Boris chuckled at this until George elbowed the lad in his ribs. A difficult feat, considering Boris had a clean two feet on George in height.
“Got your clothes too?” Tom asked. “Course you do.”
“What of it?” I asked.
“Why you always changing in the outhouse?” George asked, then laughed with his usual annoying titter.
“Yeah, in the outhouse,” echoed Boris.
“You think you’re better than the rest of us?” Thomas asked. “Gotta have your own changing room? Can’t just change in the company of the rest of us, like the rest of us?”
“Maybe I just don’t like your company,” I said. “I find the company in the toilet much better. At least the waste in there doesn’t talk as much, and there is very little difference in the smell.”

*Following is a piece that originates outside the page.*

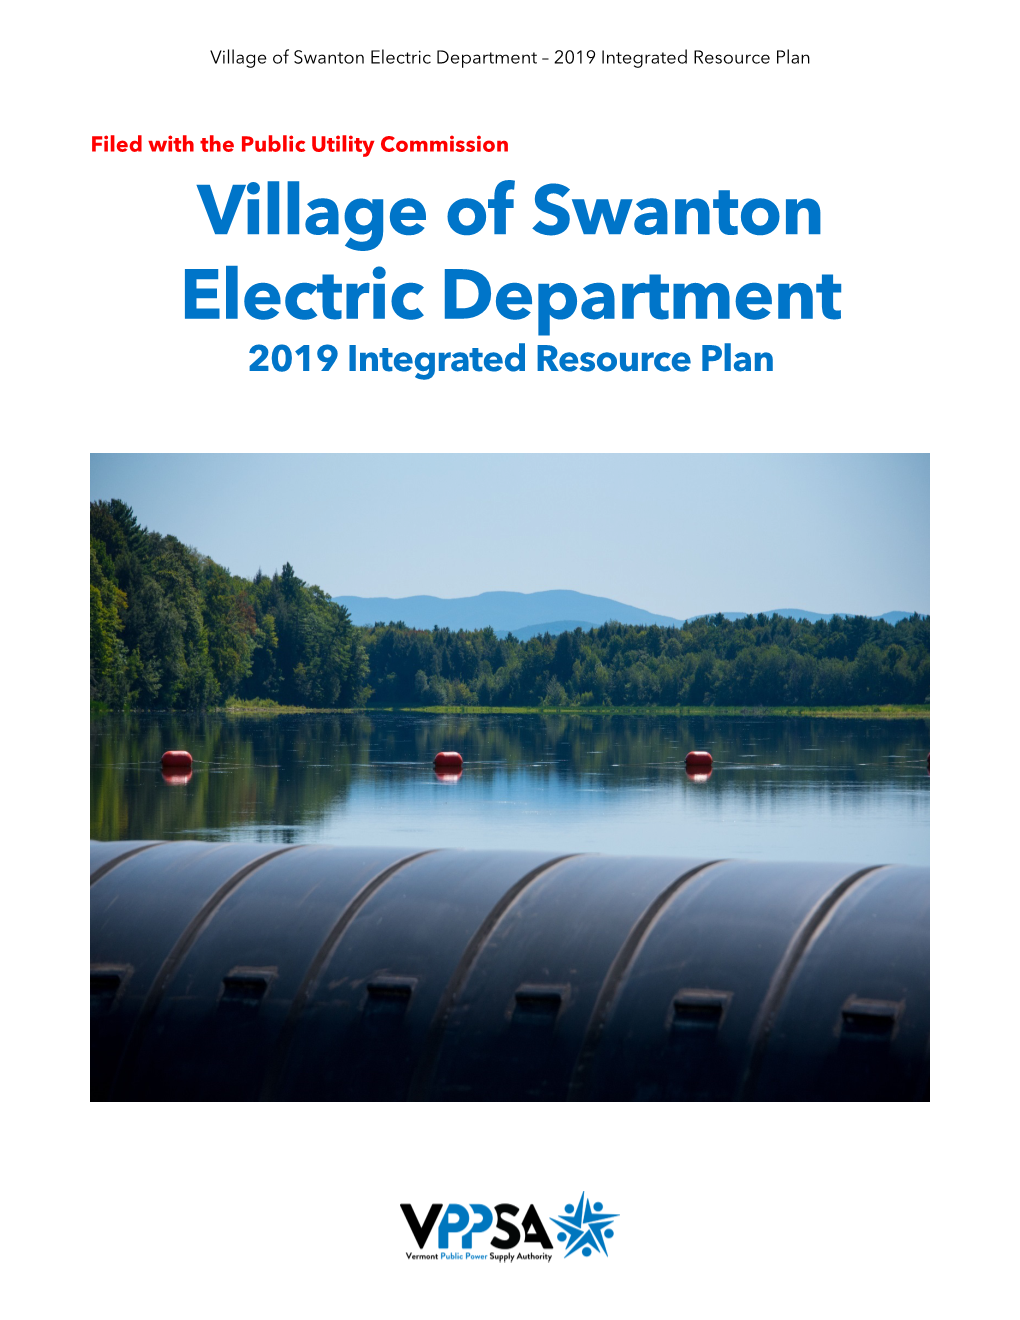 Swanton Integrated Resource Plan

Little George stopped laughing. Boris furrowed his brow as the insult worked its way past his thick skull and into his even thicker brain. Sensing the pressure of eyes upon me, I threw a quick glance over my shoulder. The workhouse windows were filled with faces pressed against the filt
hy glass, gawking at the unfolding scene before them. I once more looked to Thomas, who smiled at me far too knowingly for my tastes.
“You know what I think?” Thomas asked.
“I can’t imagine,” I said.
“I think you just don’t want to strip in front of us.” Thomas cocked his head at me, his crocodile grin all tooth and sneer. “I wonder why that is?”
“Maybe he’s got a bite mark,” George said. “And he don’t want us to see it.”
“Sure,” Thomas said. “He’s always sick. Maybe there’s a reason he’s sick. Maybe he’s infected.”
“If I was sick, you would be the first to know,” I said.
“Why’s that?”
“Because I would make a point to vomit in your shoes every morning.”
A soft chorus of oohs arose from around us where the boys forwent watching from a distance and began to gather for a ringside view. I wished they’d mind their own business, but this spectacle was too good to ignore. I had to admit, if it were another young lad taking on the Ramsey Gang, I would’ve been right in the thick of it with the other lookie-loos.
George started up his laughing again. “Or maybe he’s embarrassed by something. Like maybe he has three balls or something.”
“Yeah, three balls,” Boris echoed, then joined George’s laughter.
Over their tittering, Tom said, “Or maybe he ain’t got no balls at all.”
I dropped my bundle in surprise as my heart leapt into my throat. They couldn’t possibly know the truth! I had been so careful. So methodical. I clenched my fists to keep my hands from trembling. “What are you saying?”
“I think you know what I’m saying.”
“He’s sayin’ you got the backbone of a girl,” George said.
“Yeah, girl,” Boris said. “A little scaredy girl.”
“What do you think, Samuel?” Tom asked. “Since you’re not man enough to undress around us, maybe we should start calling you Samantha.”